It is possible that this load is indicated by the relatively large number of genetic syndromes that recur in the human population, and in different populations, that have built up and resisted negative selection.
It is important to understand the larger and most basic evolutionary role that this genetic load may have played in the unique conditioning of the human species. This load was based upon a broad range adaptive generalization and successive radiations the consequence of which would have been a distinctive form and general direction of evolutionary development for humankind. It is possible that the unique patterns of human sexuality may be related to this issue of the maximization of genetic variability of the species. We may say that human beings have evolved as a rather sexually gregarious, if not completely promiscuous species, and this inherent orientation of human sexuality required subsequent institutional development of social mechanisms of control to limit and constrain populations especially in contexts where socio-environmental circumscription from local overpopulation developed. Sexual gregariousness assured the relatively open and unhindered transmission of genetic traits across a wide range gene pool.
The maximization of a generalizing strategy of adaptation may have been, throughout most of human evolutionary history, the default and predominant preference in selection patterns, which tendency would have resulted in and in turn benefited from the heterogenization and increase in genetic load of the human species.

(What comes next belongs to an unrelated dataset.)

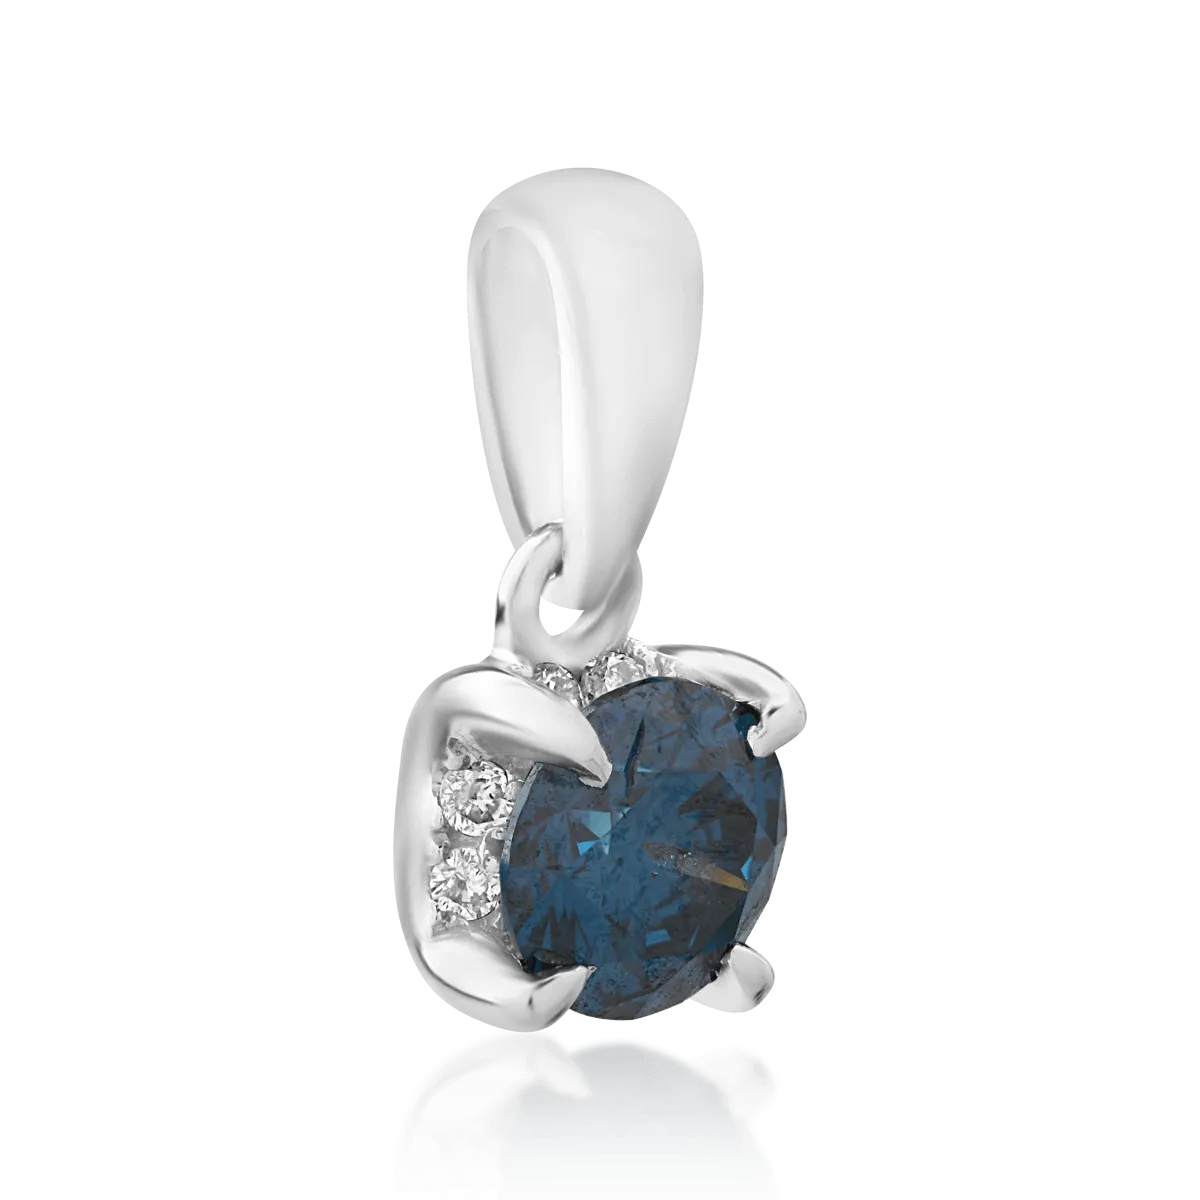 18K white gold pendant with 0.33ct blue diamond and 0.04ct transparent diamonds

It can be said that human populations increasingly benefited from carrying excess genetic load, as I have defined this, in spite of the risk of carrying potentially deleterious genetic traits forward. Increasing genetic load is related to increased adaptive/reproductive generalizability of the species. Maximization of the heterogeneity of the human population entailed that very wide parameters of environmental limitations could be set down upon this population. It is in this evolutionary context of favorable increase in genetic variability and load that we can find the causes and consequences of the expansion of human cranial capacity and its general specialization of the brain towards language and productive/reproductive behavior.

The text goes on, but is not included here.